The range is not important, since the information is linear over the range, and both A and B are over the same range. So, we simply divide total information coefficients:

information.a.lin <- estimates["l1"]^2/estimates["e1"] + estimates["l2"]^2/estimates["e2"] + 
    estimates["l3"]^2/estimates["e3"]
information.b.lin <- estimates["l4"]^2/estimates["e4"] + estimates["l5"]^2/estimates["e5"]
(information.a.lin/information.b.lin)[[1]]

## [1] 2.299

Comparing this result to Exercise 8, we see that the relative efficiency is similar, which is not an unexpected result, considering that both tests are estimated to do do decently on the given ranges (as seen in Exercises 1-5).

Exercise 10

We load the lordif package, and find the Anxiety data as described in R's ?lordif help page, and produce the requested plots. Commentary per plot is at the bottom.

require("lordif")
data(Anxiety)
resp.data <- Anxiety[paste("R", 1:29, sep = "")]
gender <- Anxiety$gender
gender.DIF <- lordif(resp.data, gender)
print(gender.DIF)
plot.lordif(gender.DIF)

In this analysis we search for items that are different estimators for man than they are for women. The lordif function finds such items and “flags” them. Here, those are items 6, 7 and 19.

The plots:

1. The first plot, Trait Distributions, shows the density graphs for the Reference group (gender 0, Male) vs the Focal group, female. Here, theta is the IRT theta estimate. We see that women are more likely to have a high estimated theta, which is an estimate of anxiety.

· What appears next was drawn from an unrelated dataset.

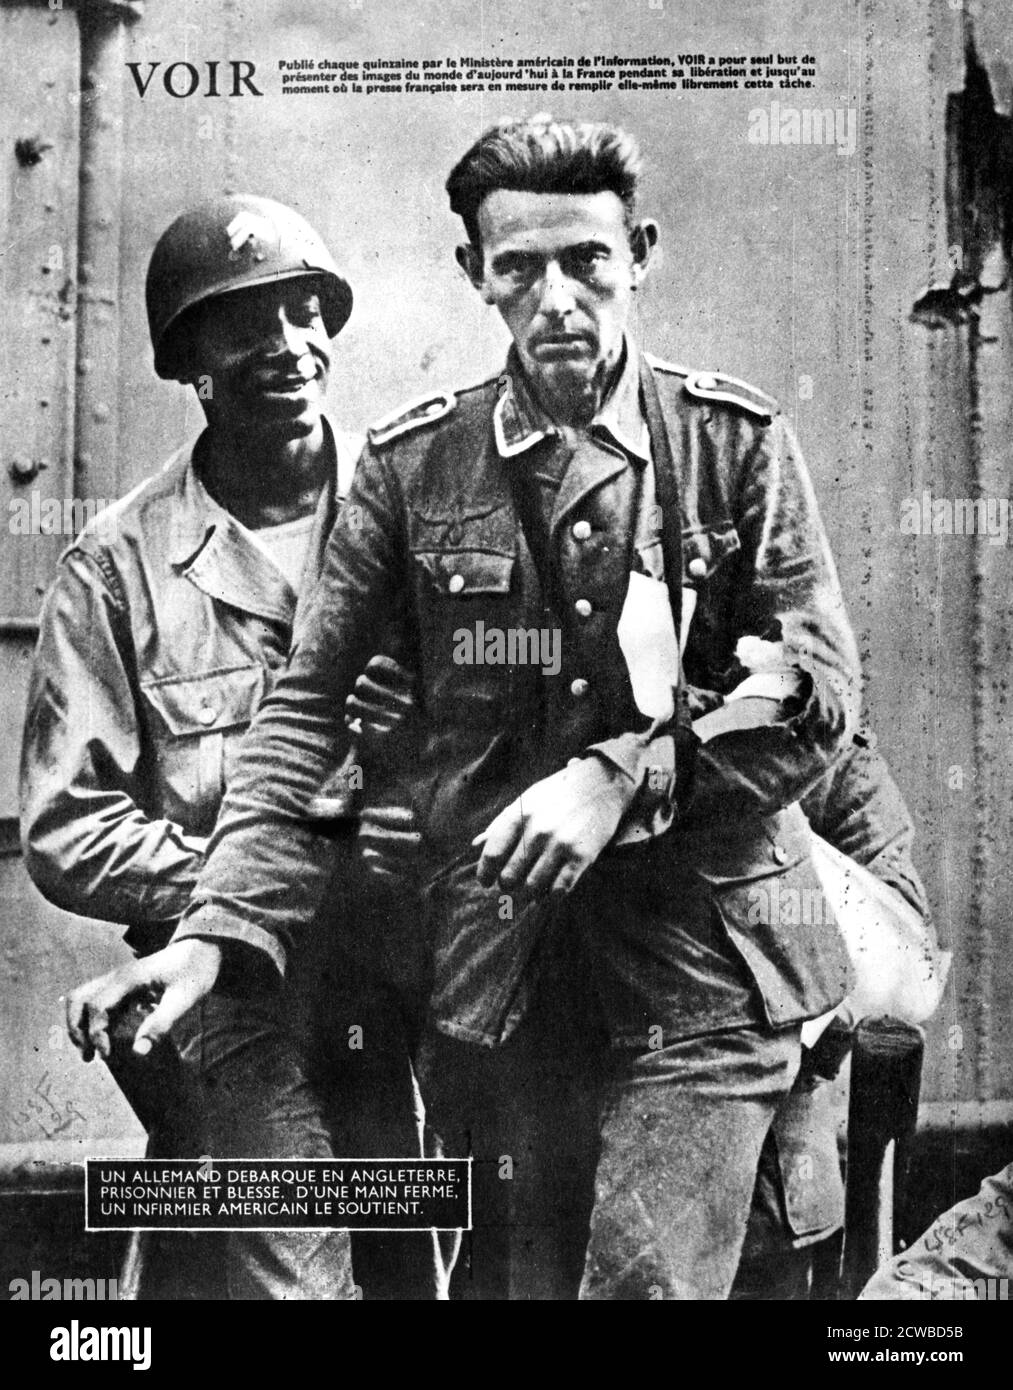 German prisoner of war arriving in England, escorted by an American soldier, 1944. Photograph from Voir magazine an American French language publication. The photographer is unknown. Stock Photo

2. The second [type of] plot consists of four subplots:

   1. The Item True Score Function shows the ICC (i.e. estimated answer as a function of theta) for men (black) and women (red).
   2. The Differences in Item True Score Functions is simply the absolute difference between the two curves in the previous graph.
   3. The Item Response Functions shows the item response functions per group, for the possible answers for that question.
   4. The Impact (Weighted by Density) plot shows the difference between the two groups in the previous plot; the differences are summed, weighted by the female group density.

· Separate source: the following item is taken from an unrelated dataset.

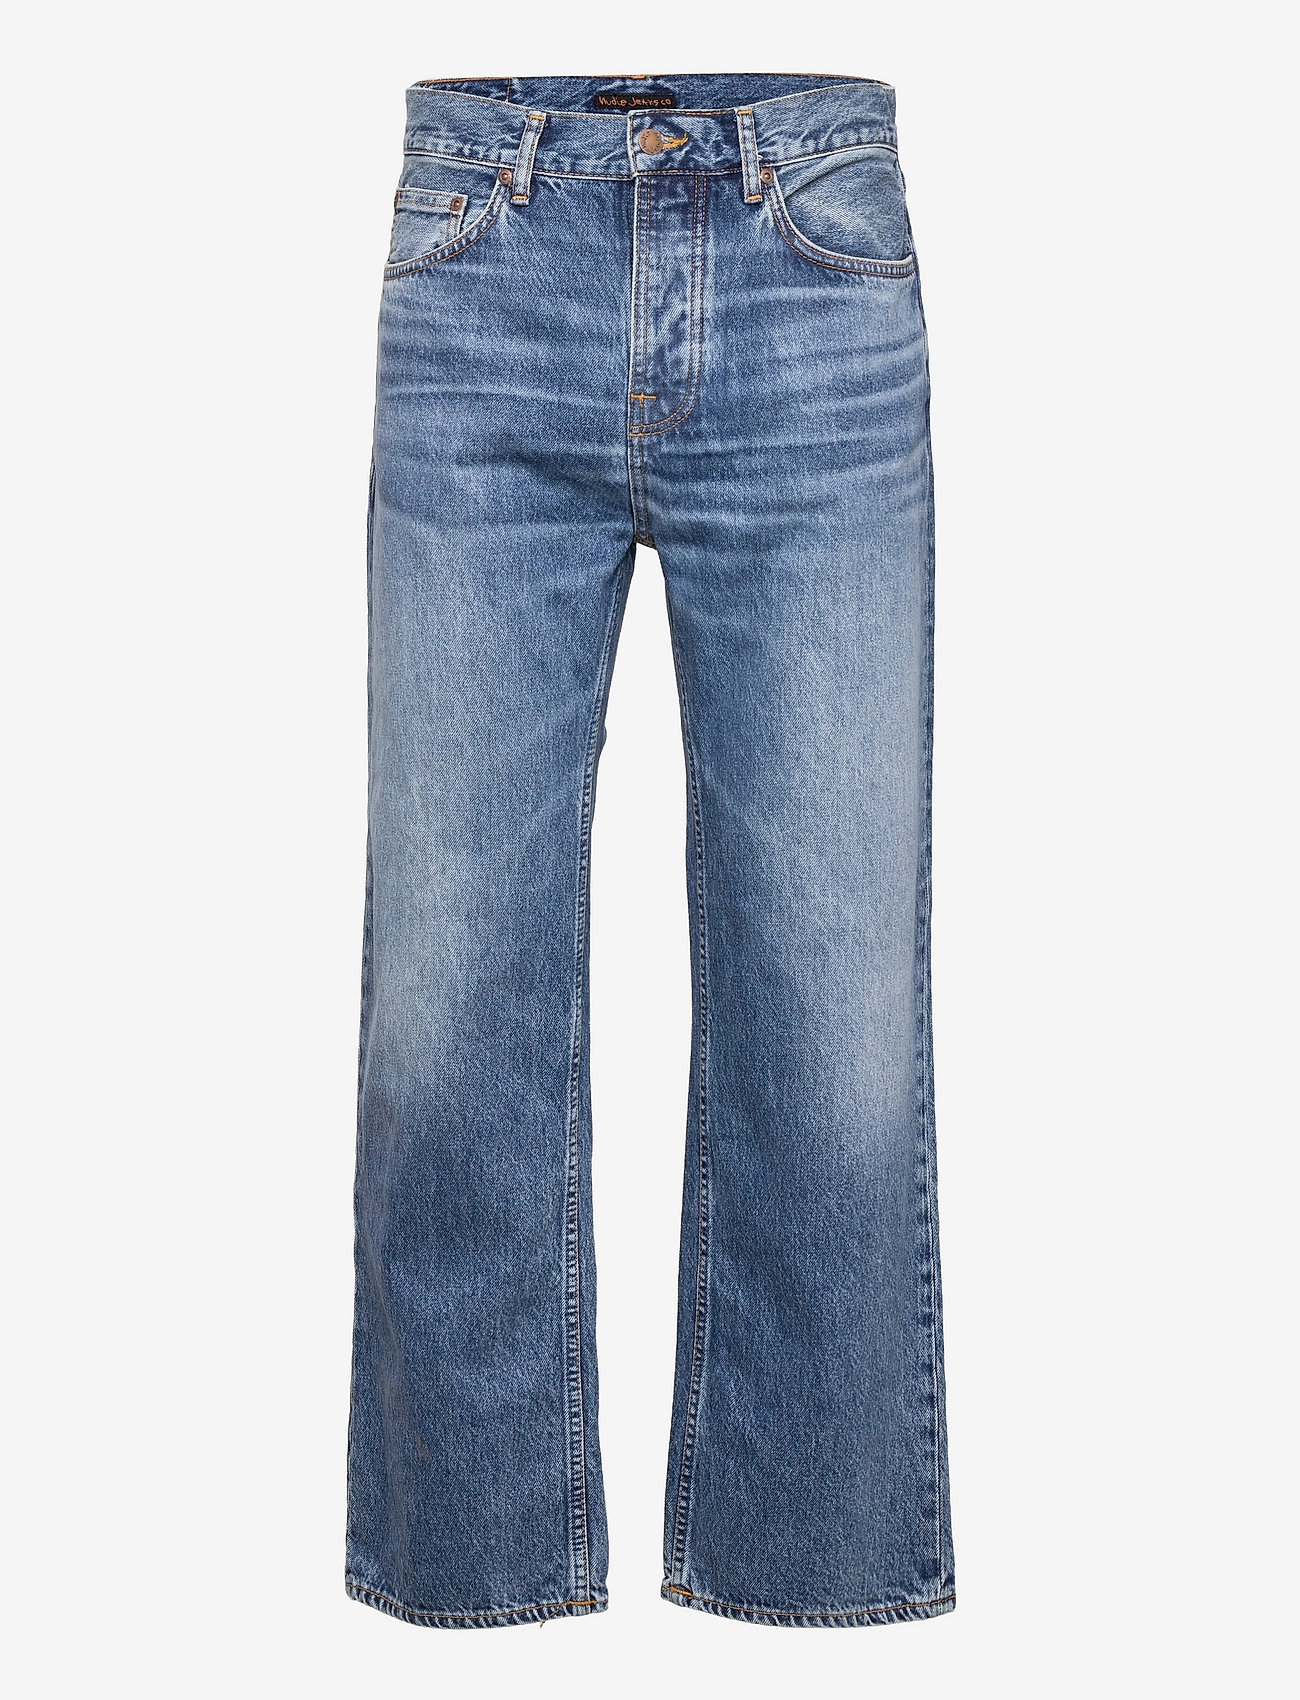 Nudie Jeans - Tuff Tony - relaxed jeans - indigo travel - 1

   Analyzing the three items:

   • For item 6, we see that with the same theta (estimated anxiety), men will answer higher than women, for theta around 0.
   • Anxious women will give much higher answers to question 7.
   • Anxious men will give somewhat higher answers to question 19.

3. The plot group has two subplots:

   1. Boxplot of difference between theta estimates with and without taking group into effect.
   2. Scatterplot with pre-group theta on x-axis, and theta adjustment when taking group into account on the y axis, with colors to indicate subgroup. Note that negative y-values mean the estimated theta went up after accounting for groups.

   The boxplot is not very interesting here (besides looking symmetric)– the scatterplot shows that the estimated theta scores for most women went up when accounting for gender, especially for low initial theta. For men the effect is smaller, but reverse.